Further comprise at least one data server 714 being connected with the adjacent network 708, it can pass through gateway 707 access from telecommunication network 702.It is noted that data server 714 can include any kind of computer equipment/group Part.What is be connected with each data server 714 is multiple user equipmenies 716.These user equipmenies 716 can include desk-top calculate Machine, laptop computer, hand-held computer, printer or any other logical device.It is noted that in one embodiment In, user equipment 717 can also be directly connected in arbitrary network.
One facsimile machine 720 or a series of facsimile machines 720 may connect to one or more networks 704,706,708.
It is noted that database and/or add-on assemble can be with being connected to any type of of network 704,706,708 Network element is used together or integrated wherein.In the environment of this description, network element is preferably the random component of network.
According to one embodiment, Fig. 8 shows a representative hardware environment relevant with Fig. 7 user equipment 716.The figure The hardware configuration of a typical workstation is shown, with a central processing unit 810, such as one microprocessor, and it is multiple The other units being connected with each other by system bus 812.
Work station shown in Fig. 8 includes random access memory (RAM) 814, read-only storage (ROM) 816, I/O adaptations Device 818, for connecting ancillary equipment (disk storage unit 820 being such as connected with bus 812), user interface adapter 822 is used In by keyboard 824, mouse 826, loudspeaker 828, microphone 832, and/or other user interface facilities, such as touch-screen sum code-phase Machine (not shown), is connected to bus 812, communication adapter 834, for work station to be connected into (e.g., the data of communication network 835 Handle network), and display adapter 836, for bus 812 to be connected with display device 838.
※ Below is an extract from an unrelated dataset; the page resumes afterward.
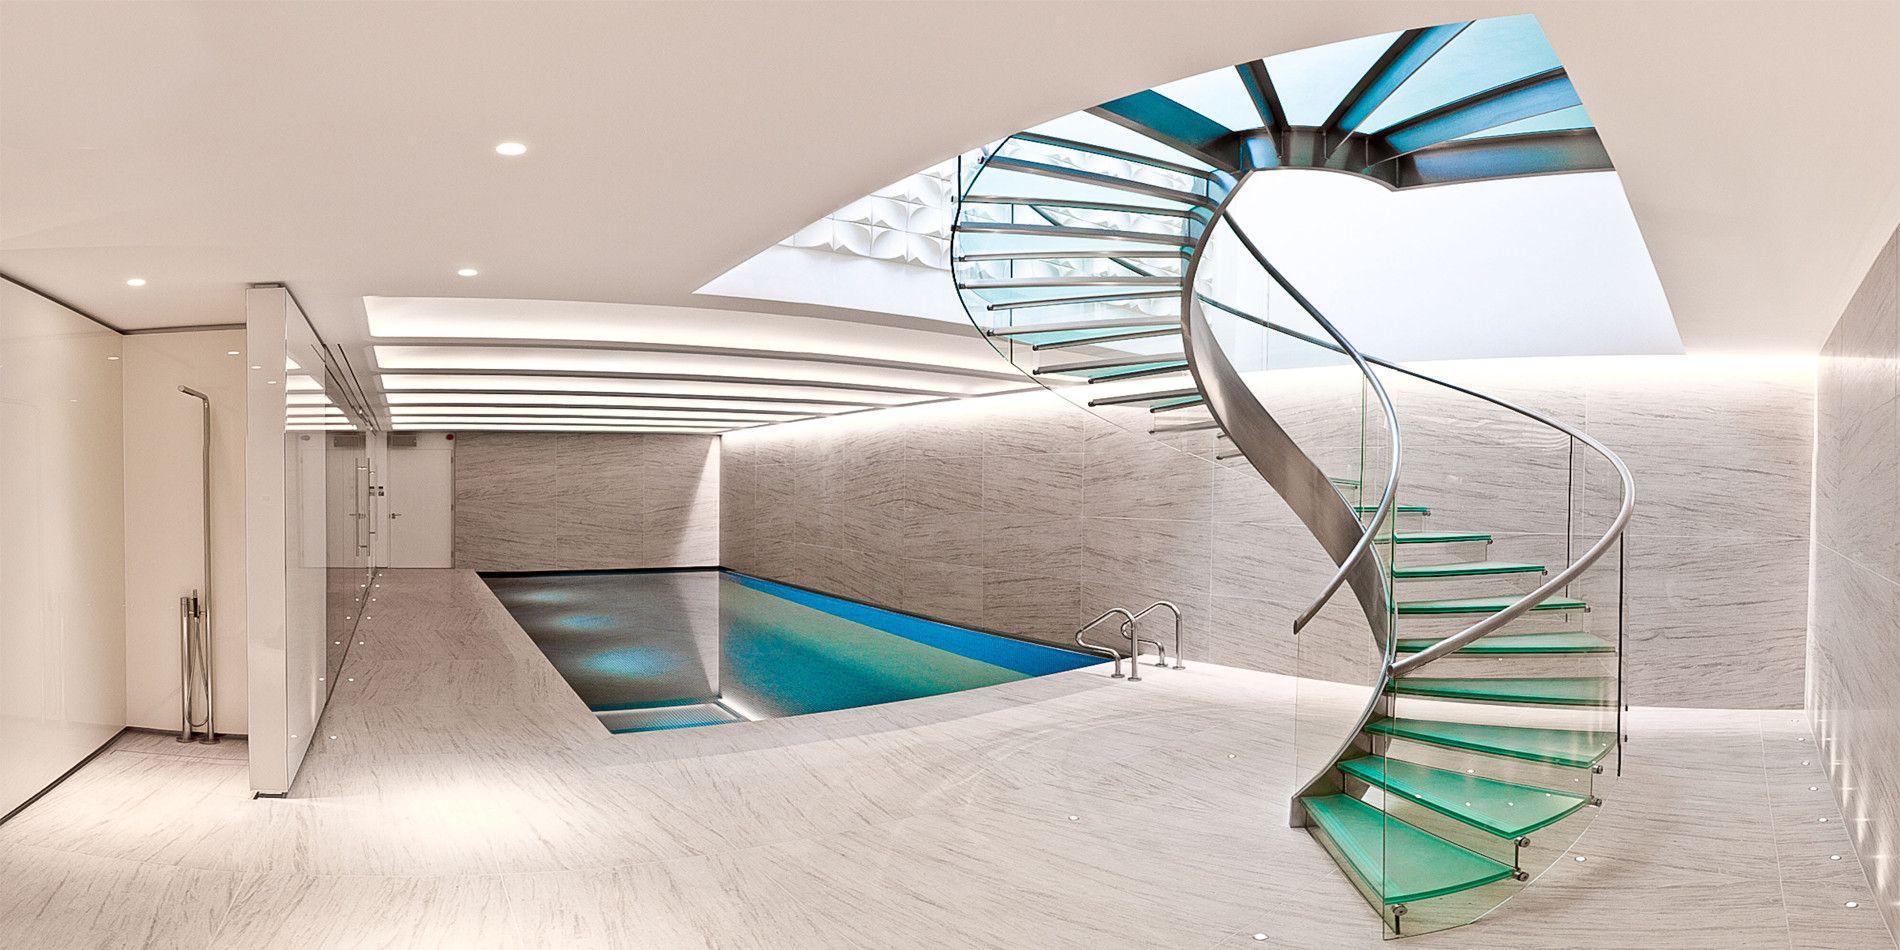 Best Kết Quả Hình Ảnh Cho Helical Stair Interior Design 400 x 300

Referring particularly to Fig. 9, it is shown that the device 414 of one embodiment of the invention.One embodiment of the present of invention includes using In the storage device 814 of storage flag data 416.Each mark data points 416 includes a mark, indicates the data point The training examples for the data point for being included into a specified classification, or the data point being excluded from a specified classification training Sample.Memory 814 also stores data untagged 418, priori probability data 420 and cost factor 422.
Processor 810 accesses the data from memory 814, and calculates one binary classifier of training using transduction MED, Can be classified data untagged.By using cost factor and to have mark and data untagged training examples, place by oneself Manage device 810 to calculate using iteration transduction, and adjust the cost factor as a function for expecting mark value, so as to influence cost The data of factor data 422, the again data and then input processor 810.Therefore, cost factor 422 is with processor 810 MED classification iteration each time and change.Once processor 810 fully trained a MED grader, processor is with that It can instruct the grader that data untagged is referred into classified data 424.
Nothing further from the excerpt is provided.